=== Items listed in a dataset ===

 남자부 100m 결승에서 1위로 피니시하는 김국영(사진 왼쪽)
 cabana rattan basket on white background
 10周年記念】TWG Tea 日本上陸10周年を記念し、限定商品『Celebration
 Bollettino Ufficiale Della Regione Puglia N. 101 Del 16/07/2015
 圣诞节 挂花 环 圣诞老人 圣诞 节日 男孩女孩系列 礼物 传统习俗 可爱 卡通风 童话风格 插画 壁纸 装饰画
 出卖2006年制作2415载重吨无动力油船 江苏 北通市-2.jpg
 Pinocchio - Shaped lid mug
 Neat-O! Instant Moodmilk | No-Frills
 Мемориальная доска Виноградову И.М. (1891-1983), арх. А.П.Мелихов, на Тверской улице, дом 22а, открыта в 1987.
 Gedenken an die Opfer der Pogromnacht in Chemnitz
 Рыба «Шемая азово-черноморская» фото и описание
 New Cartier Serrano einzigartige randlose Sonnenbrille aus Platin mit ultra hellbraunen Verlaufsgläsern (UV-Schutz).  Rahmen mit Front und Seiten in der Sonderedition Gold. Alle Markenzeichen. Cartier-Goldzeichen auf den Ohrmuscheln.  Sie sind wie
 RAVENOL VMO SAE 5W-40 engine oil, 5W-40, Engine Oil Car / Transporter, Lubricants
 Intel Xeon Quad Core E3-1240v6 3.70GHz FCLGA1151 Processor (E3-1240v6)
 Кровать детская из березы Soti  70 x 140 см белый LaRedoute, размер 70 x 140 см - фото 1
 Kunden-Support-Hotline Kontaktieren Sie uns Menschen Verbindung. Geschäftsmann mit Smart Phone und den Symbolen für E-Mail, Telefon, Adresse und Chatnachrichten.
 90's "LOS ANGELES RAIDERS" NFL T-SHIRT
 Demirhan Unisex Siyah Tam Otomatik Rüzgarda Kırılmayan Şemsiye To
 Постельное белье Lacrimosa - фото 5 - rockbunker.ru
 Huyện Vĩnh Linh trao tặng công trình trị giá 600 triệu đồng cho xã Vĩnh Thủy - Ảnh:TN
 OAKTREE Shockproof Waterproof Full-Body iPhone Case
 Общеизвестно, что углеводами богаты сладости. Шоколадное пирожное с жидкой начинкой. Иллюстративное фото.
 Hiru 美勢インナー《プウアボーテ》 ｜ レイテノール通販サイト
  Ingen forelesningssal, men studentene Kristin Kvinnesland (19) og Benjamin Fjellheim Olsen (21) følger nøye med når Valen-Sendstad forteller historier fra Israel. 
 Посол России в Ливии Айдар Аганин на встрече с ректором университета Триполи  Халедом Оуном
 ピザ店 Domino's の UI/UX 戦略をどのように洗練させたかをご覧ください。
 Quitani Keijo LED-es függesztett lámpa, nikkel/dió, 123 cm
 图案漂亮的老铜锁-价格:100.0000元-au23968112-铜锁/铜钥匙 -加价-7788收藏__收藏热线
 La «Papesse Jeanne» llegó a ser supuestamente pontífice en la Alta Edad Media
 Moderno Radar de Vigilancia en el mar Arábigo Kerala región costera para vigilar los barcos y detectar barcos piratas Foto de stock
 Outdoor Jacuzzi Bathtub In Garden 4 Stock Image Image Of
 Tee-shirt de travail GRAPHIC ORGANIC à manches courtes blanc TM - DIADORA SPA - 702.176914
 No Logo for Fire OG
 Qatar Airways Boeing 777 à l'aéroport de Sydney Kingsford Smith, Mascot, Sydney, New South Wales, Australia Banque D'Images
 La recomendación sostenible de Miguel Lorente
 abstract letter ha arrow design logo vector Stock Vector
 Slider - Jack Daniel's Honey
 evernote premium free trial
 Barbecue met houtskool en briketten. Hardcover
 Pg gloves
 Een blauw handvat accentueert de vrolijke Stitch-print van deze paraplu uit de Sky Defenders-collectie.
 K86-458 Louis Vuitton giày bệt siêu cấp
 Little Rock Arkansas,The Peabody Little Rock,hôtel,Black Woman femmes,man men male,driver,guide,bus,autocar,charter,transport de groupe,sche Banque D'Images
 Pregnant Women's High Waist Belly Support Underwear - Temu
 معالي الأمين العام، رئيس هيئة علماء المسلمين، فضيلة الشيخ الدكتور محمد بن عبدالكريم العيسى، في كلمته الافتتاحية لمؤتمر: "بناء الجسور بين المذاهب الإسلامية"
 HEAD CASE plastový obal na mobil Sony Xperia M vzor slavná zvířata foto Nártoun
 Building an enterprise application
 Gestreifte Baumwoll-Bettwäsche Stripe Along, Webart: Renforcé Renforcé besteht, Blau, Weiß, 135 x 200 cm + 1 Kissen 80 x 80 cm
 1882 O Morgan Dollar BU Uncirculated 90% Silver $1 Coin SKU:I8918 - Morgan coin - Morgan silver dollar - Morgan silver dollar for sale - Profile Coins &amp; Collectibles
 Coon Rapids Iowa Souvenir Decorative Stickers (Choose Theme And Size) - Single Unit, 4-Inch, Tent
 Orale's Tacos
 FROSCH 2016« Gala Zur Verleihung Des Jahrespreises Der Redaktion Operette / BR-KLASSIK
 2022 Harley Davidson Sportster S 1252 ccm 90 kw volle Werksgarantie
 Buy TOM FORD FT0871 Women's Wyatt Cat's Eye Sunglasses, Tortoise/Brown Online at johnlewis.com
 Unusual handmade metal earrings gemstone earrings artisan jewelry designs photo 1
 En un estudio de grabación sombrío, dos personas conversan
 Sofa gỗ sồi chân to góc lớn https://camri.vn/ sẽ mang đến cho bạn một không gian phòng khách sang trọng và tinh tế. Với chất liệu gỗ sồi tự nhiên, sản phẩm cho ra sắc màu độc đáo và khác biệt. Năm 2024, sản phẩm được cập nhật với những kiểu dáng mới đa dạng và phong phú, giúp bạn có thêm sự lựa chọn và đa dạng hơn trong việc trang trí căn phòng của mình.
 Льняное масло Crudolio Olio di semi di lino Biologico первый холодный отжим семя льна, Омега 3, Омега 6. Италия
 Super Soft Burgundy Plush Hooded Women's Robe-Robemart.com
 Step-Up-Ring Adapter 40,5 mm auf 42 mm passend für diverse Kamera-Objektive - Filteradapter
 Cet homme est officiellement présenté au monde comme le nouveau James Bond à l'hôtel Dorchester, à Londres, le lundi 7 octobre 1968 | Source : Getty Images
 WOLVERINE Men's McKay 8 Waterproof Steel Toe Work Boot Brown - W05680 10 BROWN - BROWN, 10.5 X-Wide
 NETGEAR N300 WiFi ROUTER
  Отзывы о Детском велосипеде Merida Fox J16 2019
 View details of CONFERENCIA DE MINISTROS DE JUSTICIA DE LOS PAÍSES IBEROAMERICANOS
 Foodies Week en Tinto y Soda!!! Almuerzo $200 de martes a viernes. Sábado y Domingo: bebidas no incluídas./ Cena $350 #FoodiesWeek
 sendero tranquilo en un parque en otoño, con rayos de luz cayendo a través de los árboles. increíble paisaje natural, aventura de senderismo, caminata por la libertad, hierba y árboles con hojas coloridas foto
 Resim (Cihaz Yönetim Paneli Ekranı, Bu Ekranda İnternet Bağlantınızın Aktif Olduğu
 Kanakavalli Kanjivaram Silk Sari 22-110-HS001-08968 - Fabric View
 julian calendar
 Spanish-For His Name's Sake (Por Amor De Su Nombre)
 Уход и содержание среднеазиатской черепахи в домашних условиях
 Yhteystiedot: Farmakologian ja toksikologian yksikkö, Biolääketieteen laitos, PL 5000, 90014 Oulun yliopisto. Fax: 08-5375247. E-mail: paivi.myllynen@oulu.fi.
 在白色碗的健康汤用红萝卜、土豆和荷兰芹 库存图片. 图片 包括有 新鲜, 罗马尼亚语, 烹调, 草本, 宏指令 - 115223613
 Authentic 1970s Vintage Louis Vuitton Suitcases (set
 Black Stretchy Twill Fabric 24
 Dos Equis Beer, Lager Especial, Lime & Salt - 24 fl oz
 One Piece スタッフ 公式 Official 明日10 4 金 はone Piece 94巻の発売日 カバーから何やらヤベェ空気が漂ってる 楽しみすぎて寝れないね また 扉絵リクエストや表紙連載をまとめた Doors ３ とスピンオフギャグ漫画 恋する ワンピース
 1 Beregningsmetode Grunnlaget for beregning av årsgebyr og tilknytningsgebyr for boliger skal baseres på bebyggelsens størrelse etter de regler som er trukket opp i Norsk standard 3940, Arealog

=== EXERCISE OBJECTIVE ===
The answer should consist of the lines from the first line of the entries through the line with "Alta Edad Media", copied exactly.

=== EXPECTED ANSWER ===
 남자부 100m 결승에서 1위로 피니시하는 김국영(사진 왼쪽)
 cabana rattan basket on white background
 10周年記念】TWG Tea 日本上陸10周年を記念し、限定商品『Celebration
 Bollettino Ufficiale Della Regione Puglia N. 101 Del 16/07/2015
 圣诞节 挂花 环 圣诞老人 圣诞 节日 男孩女孩系列 礼物 传统习俗 可爱 卡通风 童话风格 插画 壁纸 装饰画
 出卖2006年制作2415载重吨无动力油船 江苏 北通市-2.jpg
 Pinocchio - Shaped lid mug
 Neat-O! Instant Moodmilk | No-Frills
 Мемориальная доска Виноградову И.М. (1891-1983), арх. А.П.Мелихов, на Тверской улице, дом 22а, открыта в 1987.
 Gedenken an die Opfer der Pogromnacht in Chemnitz
 Рыба «Шемая азово-черноморская» фото и описание
 New Cartier Serrano einzigartige randlose Sonnenbrille aus Platin mit ultra hellbraunen Verlaufsgläsern (UV-Schutz).  Rahmen mit Front und Seiten in der Sonderedition Gold. Alle Markenzeichen. Cartier-Goldzeichen auf den Ohrmuscheln.  Sie sind wie
 RAVENOL VMO SAE 5W-40 engine oil, 5W-40, Engine Oil Car / Transporter, Lubricants
 Intel Xeon Quad Core E3-1240v6 3.70GHz FCLGA1151 Processor (E3-1240v6)
 Кровать детская из березы Soti  70 x 140 см белый LaRedoute, размер 70 x 140 см - фото 1
 Kunden-Support-Hotline Kontaktieren Sie uns Menschen Verbindung. Geschäftsmann mit Smart Phone und den Symbolen für E-Mail, Telefon, Adresse und Chatnachrichten.
 90's "LOS ANGELES RAIDERS" NFL T-SHIRT
 Demirhan Unisex Siyah Tam Otomatik Rüzgarda Kırılmayan Şemsiye To
 Постельное белье Lacrimosa - фото 5 - rockbunker.ru
 Huyện Vĩnh Linh trao tặng công trình trị giá 600 triệu đồng cho xã Vĩnh Thủy - Ảnh:TN
 OAKTREE Shockproof Waterproof Full-Body iPhone Case
 Общеизвестно, что углеводами богаты сладости. Шоколадное пирожное с жидкой начинкой. Иллюстративное фото.
 Hiru 美勢インナー《プウアボーテ》 ｜ レイテノール通販サイト
  Ingen forelesningssal, men studentene Kristin Kvinnesland (19) og Benjamin Fjellheim Olsen (21) følger nøye med når Valen-Sendstad forteller historier fra Israel. 
 Посол России в Ливии Айдар Аганин на встрече с ректором университета Триполи  Халедом Оуном
 ピザ店 Domino's の UI/UX 戦略をどのように洗練させたかをご覧ください。
 Quitani Keijo LED-es függesztett lámpa, nikkel/dió, 123 cm
 图案漂亮的老铜锁-价格:100.0000元-au23968112-铜锁/铜钥匙 -加价-7788收藏__收藏热线
 La «Papesse Jeanne» llegó a ser supuestamente pontífice en la Alta Edad Media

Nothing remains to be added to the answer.